1316 Kasan

Discovery
- Discovered by: G. Neujmin
- Discovery site: Simeiz Obs.
- Discovery date: 17 November 1933

Designations
- Named after: Kazan/Engelhardt Observatory (Russian city and observatory)
- Alternative designations: 1933 WC · 1978 WK_{14}
- Minor planet category: Mars-crosser · (inner)

Orbital characteristics
- Epoch 4 September 2017 (JD 2458000.5)
- Uncertainty parameter 0
- Observation arc: 83.36 yr (30,449 days)
- Aphelion: 3.1769 AU
- Perihelion: 1.6498 AU
- Semi-major axis: 2.4133 AU
- Eccentricity: 0.3164
- Orbital period (sidereal): 3.75 yr (1,369 days)
- Mean anomaly: 145.60°
- Mean motion: 0° 15^{m} 46.44^{s} / day
- Inclination: 23.930°
- Longitude of ascending node: 238.25°
- Argument of perihelion: 148.37°

Physical characteristics
- Dimensions: 6.86±0.69 km 7.13 km (calculated)
- Synodic rotation period: 5.82±0.01 h 5.83±0.01 h
- Geometric albedo: 0.20 (assumed) 0.216±0.043
- Spectral type: SMASS = Sr · S
- Absolute magnitude (H): 13.10 · 13.2 · 13.30±0.47

= 1316 Kasan =

Mars-crossing eccentric asteroid

1316 Kasan, provisional designation , is a stony asteroid and sizable Mars-crosser on an eccentric orbit from the asteroid belt, approximately 7 kilometers in diameter. It was discovered on 17 November 1933, by Soviet astronomer Grigory Neujmin at the Simeiz Observatory on the Crimean peninsula. The asteroid was named for the city of Kazan, Russia, and its nearby Engelhardt Observatory (Kazan Observatory).

== Orbit and classification ==

Kasan is a Mars-crossing asteroid, a dynamically unstable group between the main-belt and the near-Earth populations, crossing the orbit of Mars at 1.666 AU.

The asteroid is on an eccentric orbit around the Sun, at a distance of 1.6–3.2 AU once every 3 years and 9 months (1,369 days; semi-major axis of 2.41 AU). Its orbit has an eccentricity of 0.32 and an inclination of 24° with respect to the ecliptic. The body's observation arc begins at Heidelberg Observatory on 20 November 1933, three days after its official discovery observation at Simeiz Observatory.

== Physical characteristics ==

In the SMASS classification, Kasan is an Sr-subtype that transitions from the common S-type to the uncommon R-type asteroids.

=== Rotation period ===

In November 2008, a rotational lightcurve of Kasan was obtained from photometric observations by American astronomer Robert Stephens. Lightcurve analysis gave a well-defined rotation period of 5.82 hours with a brightness variation of 0.25 magnitude (U=3). Previously, a period of 5.83 hours with an amplitude of 0.26 magnitude was measured by Brian Warner at the Palmer Divide Observatory in September 2004 (U=2+).

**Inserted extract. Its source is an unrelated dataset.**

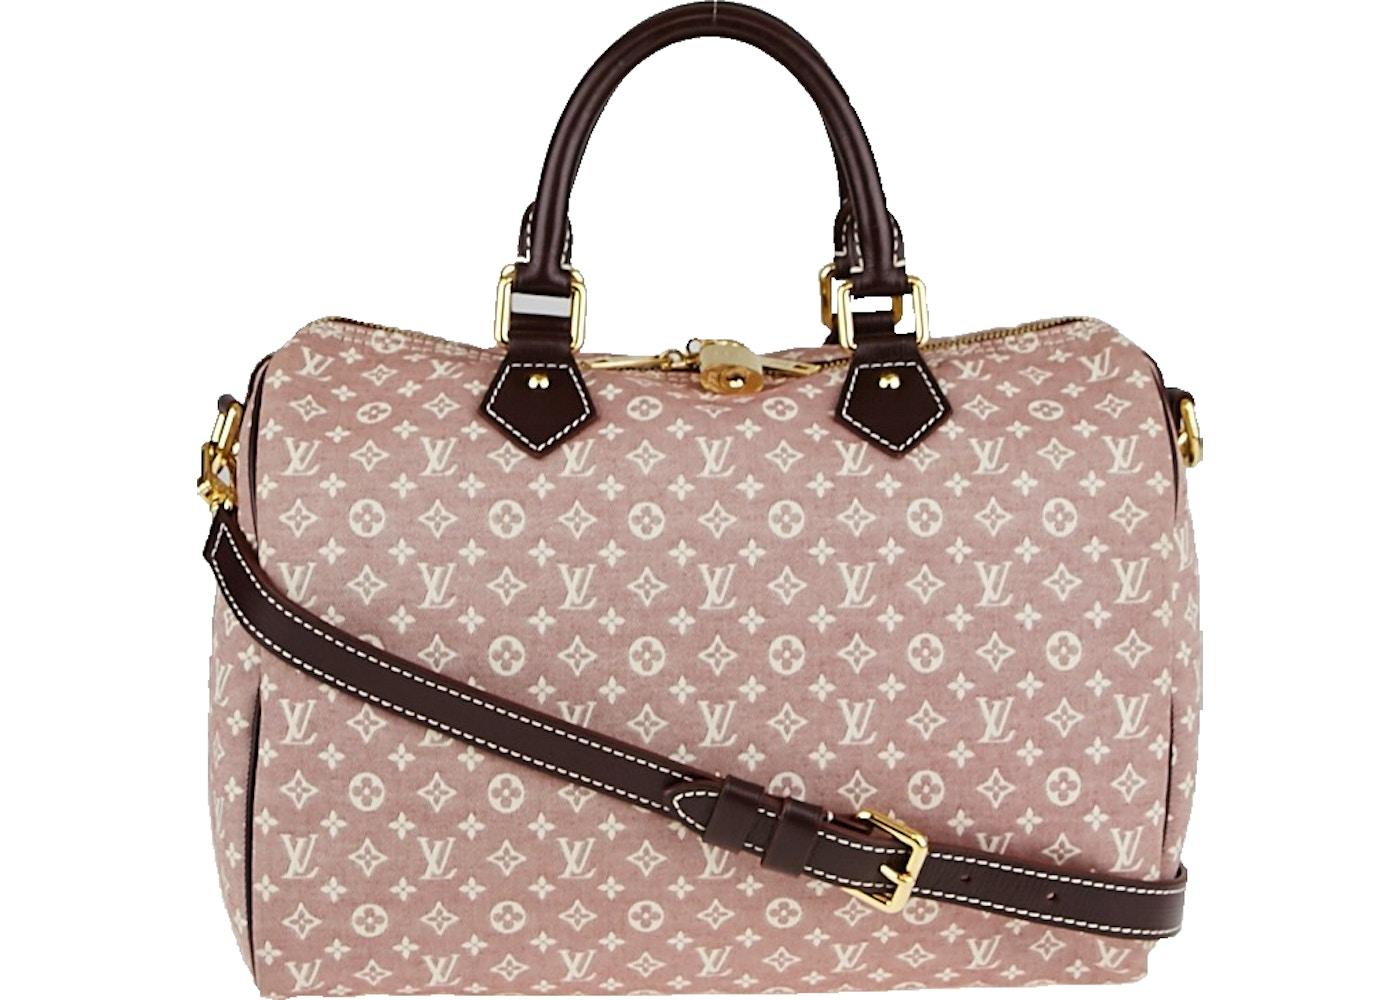 879869c8c3f8 Louis Vuitton Speedy Bandouliere Monogram Idylle 30 Sepia. Monogram Idylle  30 Sepia

=== Diameter and albedo ===

According to the survey carried out by the NEOWISE mission of NASA's Wide-field Infrared Survey Explorer, Kasan measures 6.86 kilometers in diameter and its surface has an albedo of 0.216. The Collaborative Asteroid Lightcurve Link assumes a standard albedo for stony asteroids of 0.20 and calculates a diameter of 7.13 kilometers based on an absolute magnitude of 13.1.

This makes Kazan one of the largest mid-sized Mars-crossing asteroids comparable with 1065 Amundsenia (9.75 km), 1139 Atami (9 km), 1474 Beira (8.73 km), 1508 Kemi (17 km), 1011 Laodamia (7.5 km), 1727 Mette (est. 9 km), 1131 Porzia (7.13 km), 1235 Schorria (est. 9 km), 985 Rosina (8.18 km), 1310 Villigera (15.24 km) and 1468 Zomba (7 km), but smaller than the largest members of this dynamical group, namely, 132 Aethra, 2204 Lyyli and 512 Taurinensis.

== Naming ==

This minor planet was named after the city of Kazan, the capital of the Republic of Tatarstan, Russia. It was also named in honor of the nearby Kazan Observatory (Engelhardt Observatory). The official naming citation was mentioned in The Names of the Minor Planets by Paul Herget in 1955 (H 120).